What you return should be the lines from the one with "Digital Foot Massaging Tub" through the one with "Remi: How a" in the data below, reproduced exactly with both ends, and no pictures at all.

The input:
---

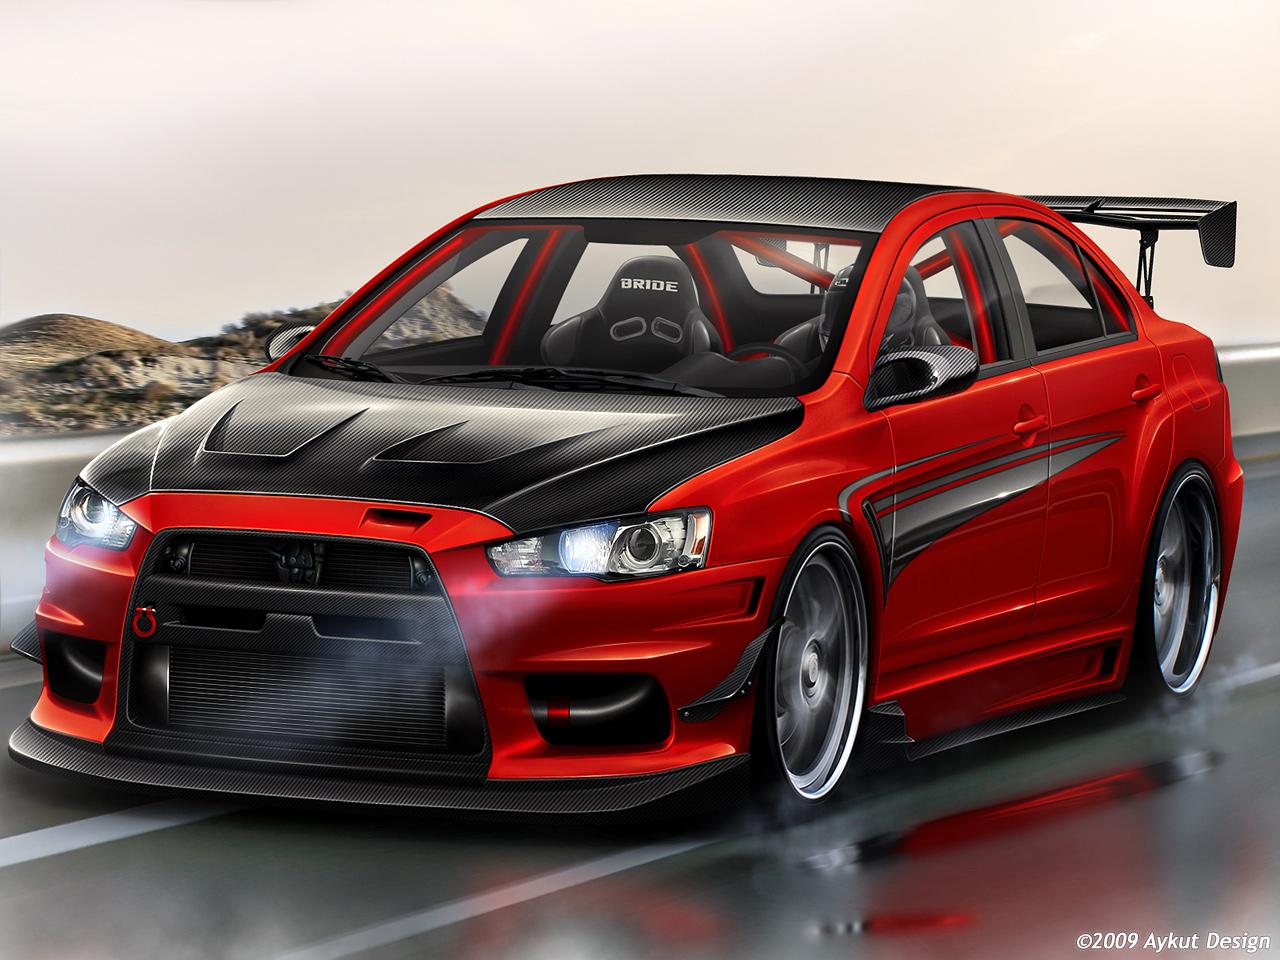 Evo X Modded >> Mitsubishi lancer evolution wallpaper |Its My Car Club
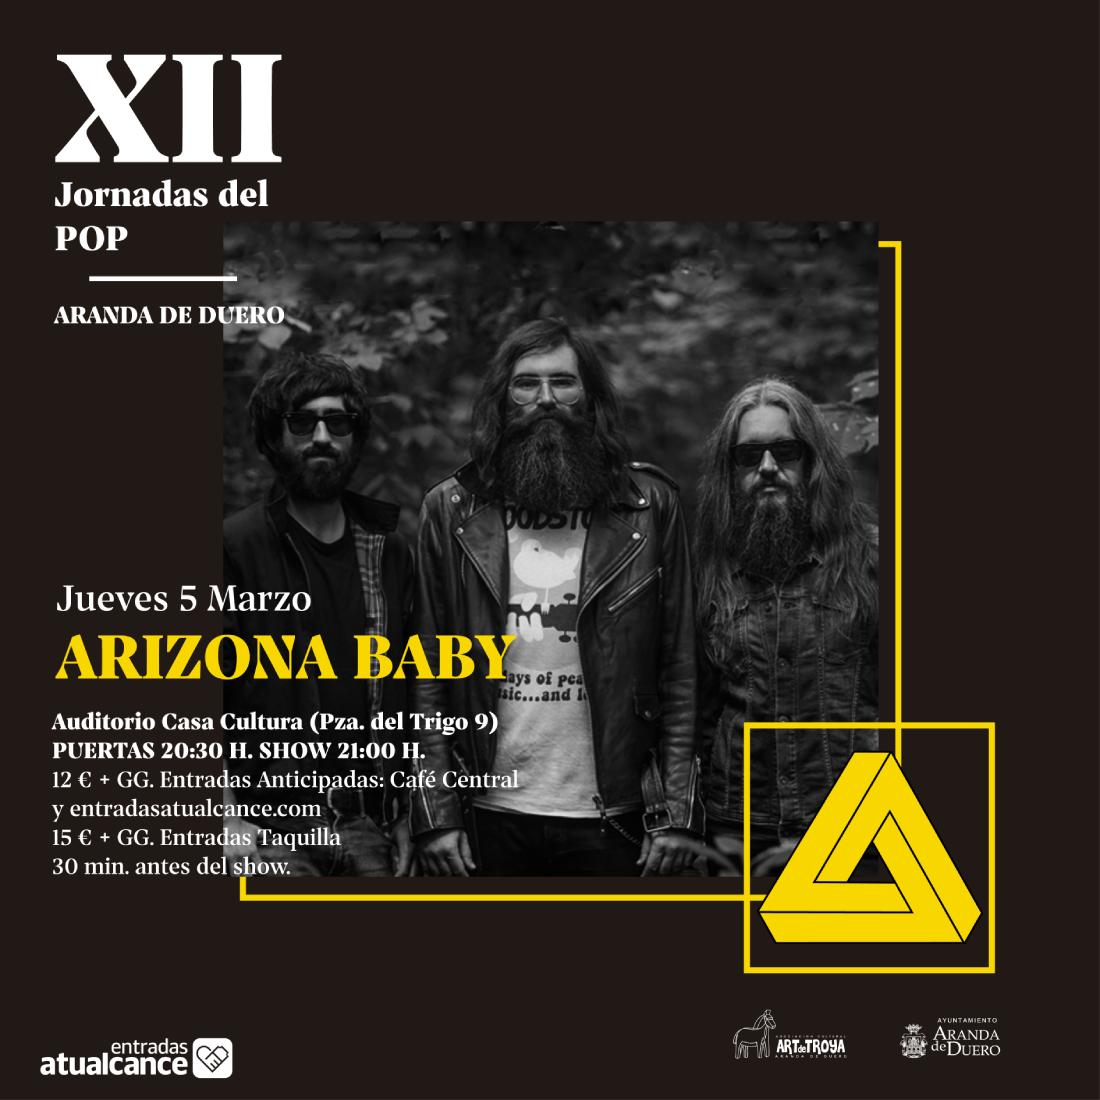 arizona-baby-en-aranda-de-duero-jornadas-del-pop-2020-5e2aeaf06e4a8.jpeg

---

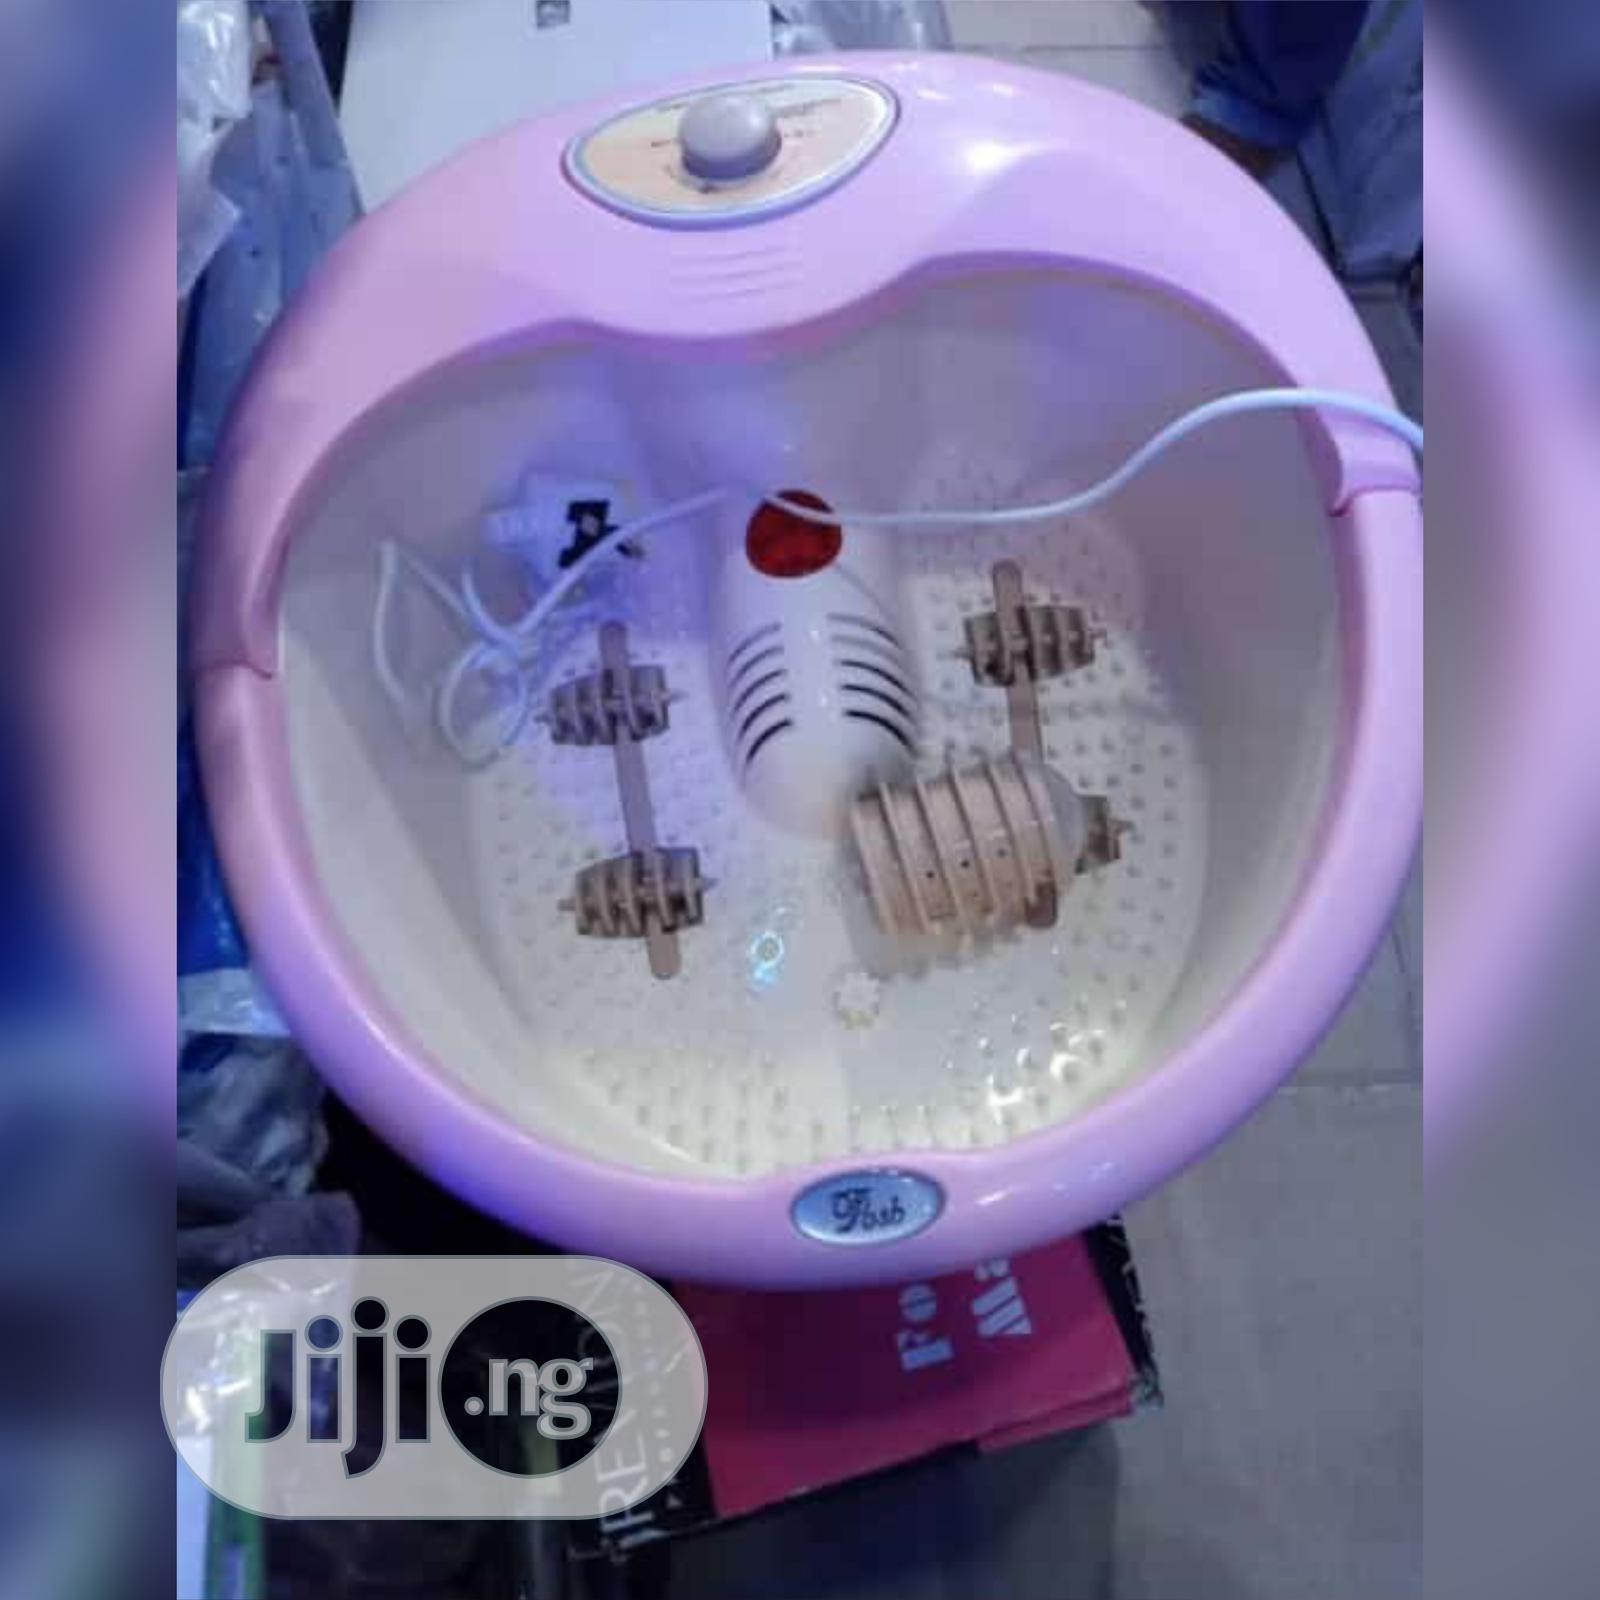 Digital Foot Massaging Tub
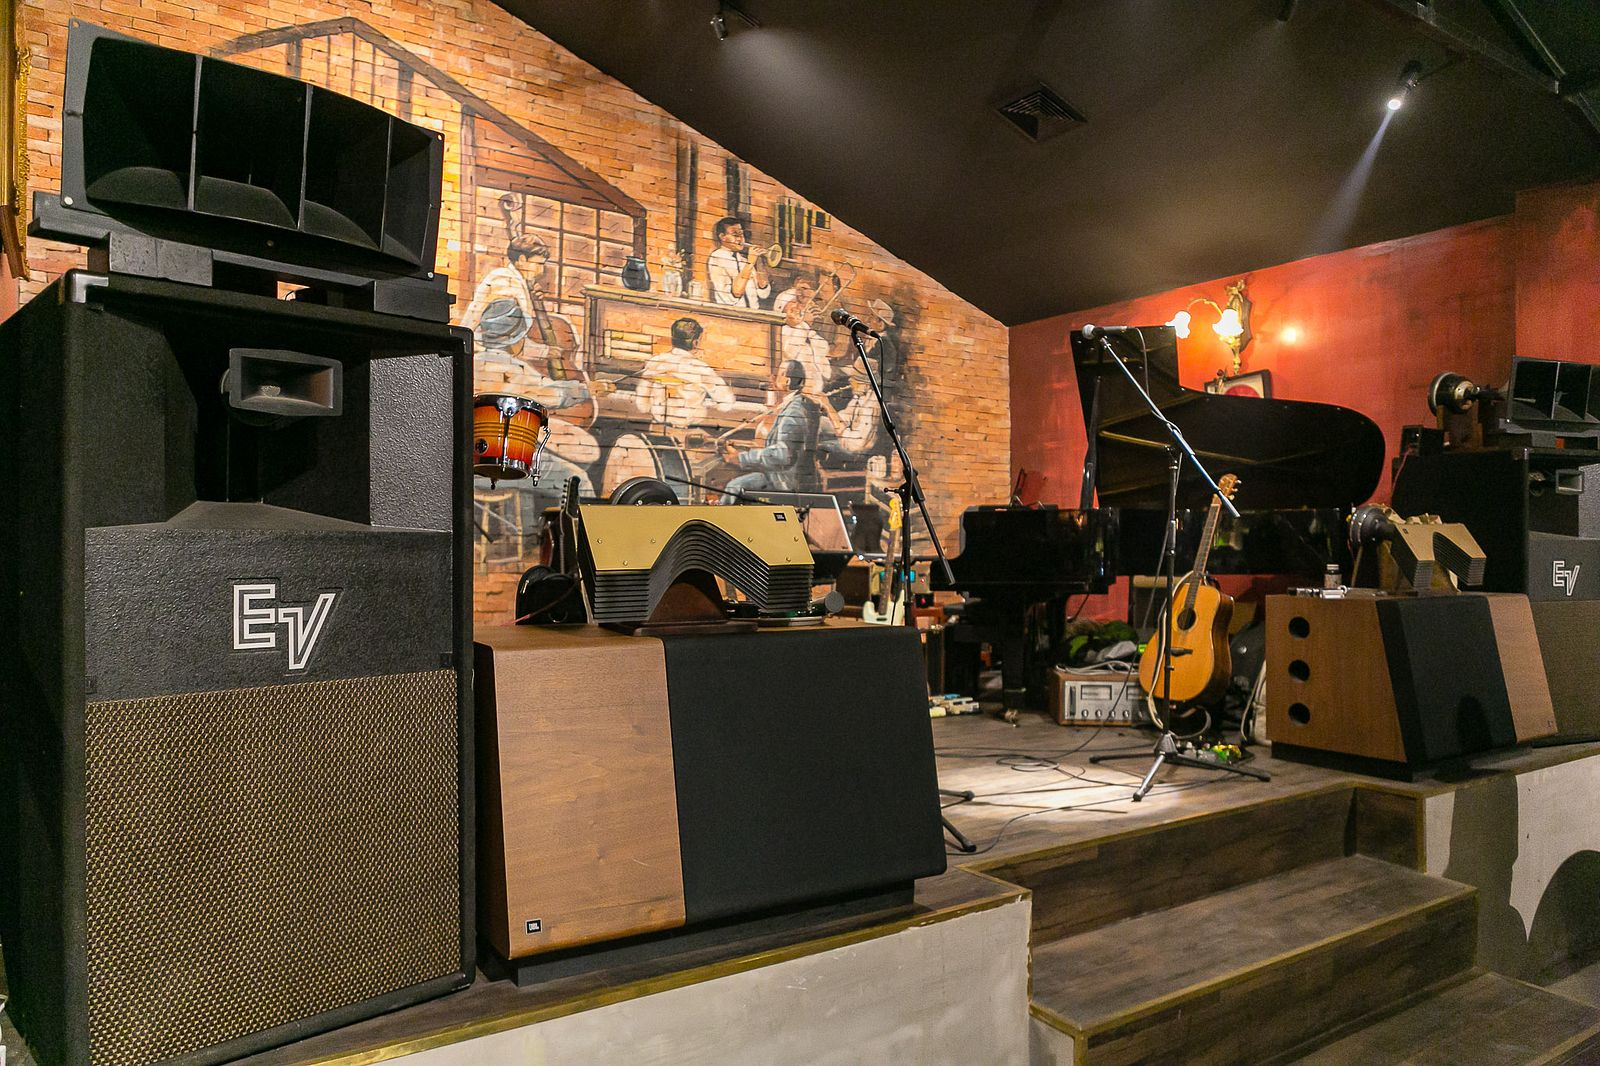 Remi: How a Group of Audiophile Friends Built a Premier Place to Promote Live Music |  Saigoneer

---

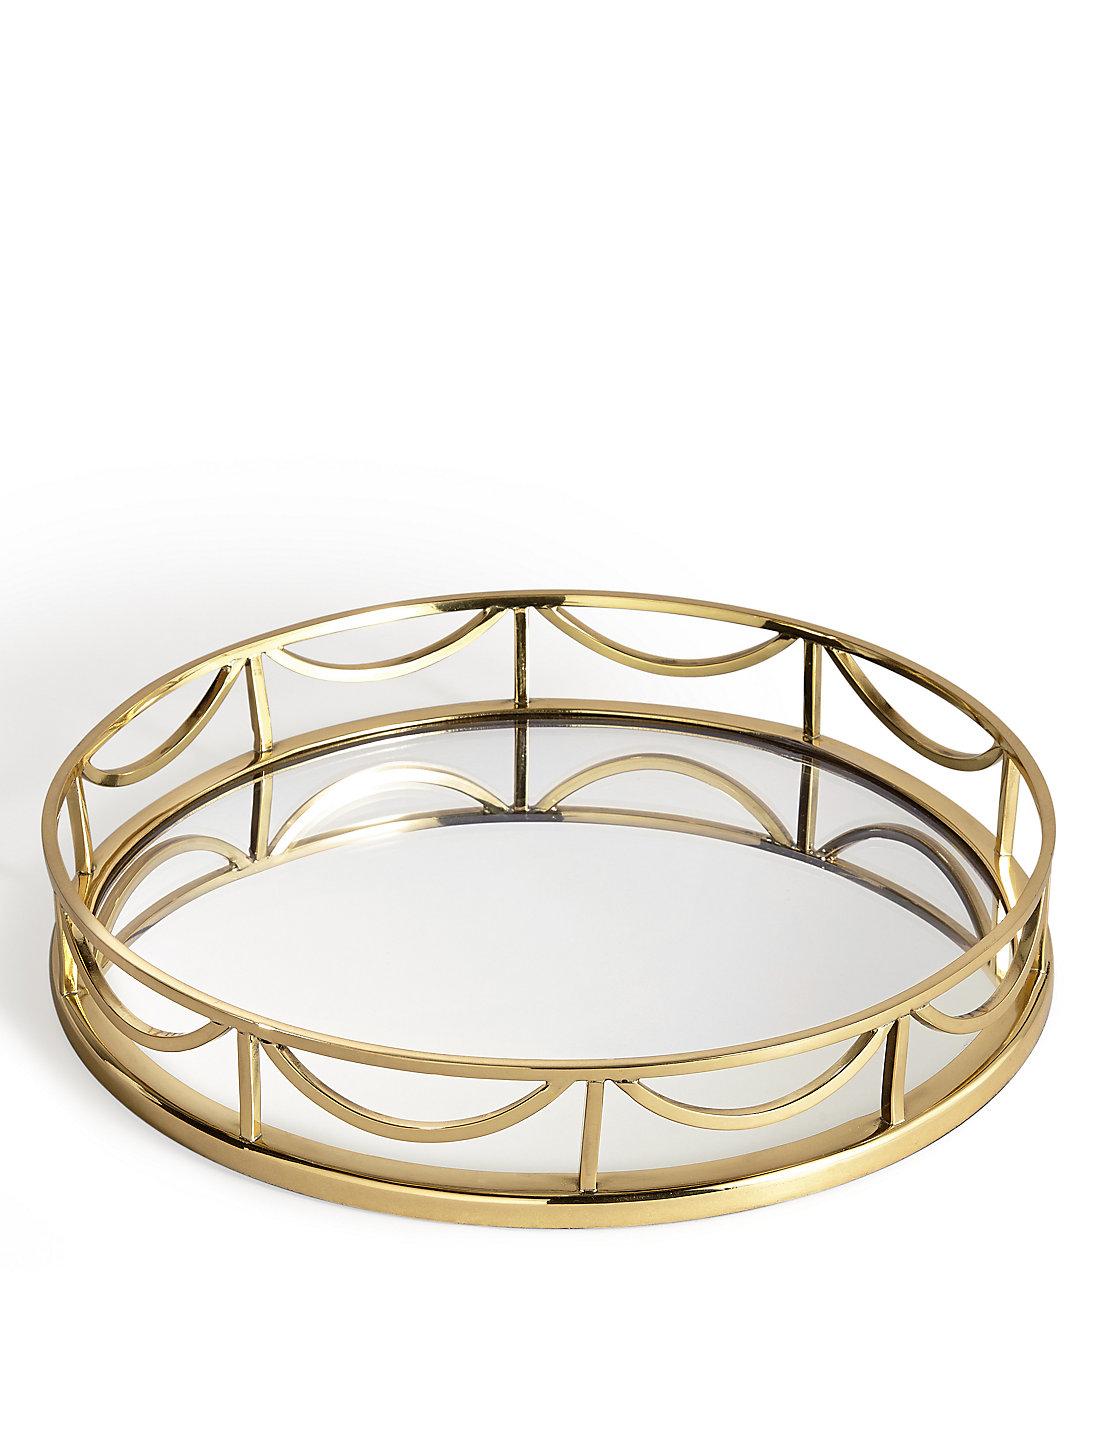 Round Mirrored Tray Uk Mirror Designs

---

Exercise result:
 Digital Foot Massaging Tub
 Remi: How a Group of Audiophile Friends Built a Premier Place to Promote Live Music |  Saigoneer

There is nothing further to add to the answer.